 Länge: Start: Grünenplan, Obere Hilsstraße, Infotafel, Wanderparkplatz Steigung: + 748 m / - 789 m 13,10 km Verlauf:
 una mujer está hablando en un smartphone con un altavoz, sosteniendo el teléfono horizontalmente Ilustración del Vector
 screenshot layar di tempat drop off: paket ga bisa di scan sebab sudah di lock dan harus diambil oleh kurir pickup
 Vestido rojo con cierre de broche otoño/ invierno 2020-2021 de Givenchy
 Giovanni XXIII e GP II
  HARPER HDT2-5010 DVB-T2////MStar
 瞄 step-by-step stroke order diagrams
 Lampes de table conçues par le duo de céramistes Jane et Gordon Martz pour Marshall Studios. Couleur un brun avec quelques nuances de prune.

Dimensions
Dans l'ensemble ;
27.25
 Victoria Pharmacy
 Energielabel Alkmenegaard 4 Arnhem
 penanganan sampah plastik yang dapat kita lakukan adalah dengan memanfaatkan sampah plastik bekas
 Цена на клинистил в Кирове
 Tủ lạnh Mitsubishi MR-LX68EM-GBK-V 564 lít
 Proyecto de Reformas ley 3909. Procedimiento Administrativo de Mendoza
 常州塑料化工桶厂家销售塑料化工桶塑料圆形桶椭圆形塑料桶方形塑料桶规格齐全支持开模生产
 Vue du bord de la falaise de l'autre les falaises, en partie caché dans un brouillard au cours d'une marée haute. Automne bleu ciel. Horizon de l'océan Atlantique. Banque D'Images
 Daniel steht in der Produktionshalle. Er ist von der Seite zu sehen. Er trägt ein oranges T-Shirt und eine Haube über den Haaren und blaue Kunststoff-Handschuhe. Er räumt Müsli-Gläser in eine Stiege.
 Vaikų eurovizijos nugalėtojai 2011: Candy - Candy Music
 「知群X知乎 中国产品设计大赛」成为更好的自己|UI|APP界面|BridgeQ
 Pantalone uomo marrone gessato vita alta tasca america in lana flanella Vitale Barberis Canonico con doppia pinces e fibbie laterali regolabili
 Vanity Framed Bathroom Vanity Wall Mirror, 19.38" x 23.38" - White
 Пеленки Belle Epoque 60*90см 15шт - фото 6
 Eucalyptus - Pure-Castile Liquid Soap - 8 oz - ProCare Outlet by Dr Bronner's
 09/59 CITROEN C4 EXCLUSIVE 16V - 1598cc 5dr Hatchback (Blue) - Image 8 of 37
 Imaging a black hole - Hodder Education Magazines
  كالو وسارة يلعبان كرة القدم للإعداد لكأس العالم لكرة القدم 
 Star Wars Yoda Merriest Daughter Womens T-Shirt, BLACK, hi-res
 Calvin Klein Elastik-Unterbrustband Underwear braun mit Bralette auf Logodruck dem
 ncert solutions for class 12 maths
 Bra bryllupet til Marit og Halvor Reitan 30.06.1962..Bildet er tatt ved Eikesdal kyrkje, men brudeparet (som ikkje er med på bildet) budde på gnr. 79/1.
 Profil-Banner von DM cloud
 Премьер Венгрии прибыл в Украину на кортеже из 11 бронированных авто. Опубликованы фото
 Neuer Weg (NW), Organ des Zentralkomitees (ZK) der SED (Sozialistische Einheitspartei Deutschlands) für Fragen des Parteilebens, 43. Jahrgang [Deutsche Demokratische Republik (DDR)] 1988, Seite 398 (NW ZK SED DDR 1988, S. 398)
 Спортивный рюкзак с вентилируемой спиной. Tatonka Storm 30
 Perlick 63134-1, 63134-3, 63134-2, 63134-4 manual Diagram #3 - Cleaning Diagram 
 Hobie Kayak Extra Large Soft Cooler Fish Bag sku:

####

Directions >> Search the material for the string "Shirt" and return each line that has it.

Task answer >>
 Daniel steht in der Produktionshalle. Er ist von der Seite zu sehen. Er trägt ein oranges T-Shirt und eine Haube über den Haaren und blaue Kunststoff-Handschuhe. Er räumt Müsli-Gläser in eine Stiege.
 Star Wars Yoda Merriest Daughter Womens T-Shirt, BLACK, hi-res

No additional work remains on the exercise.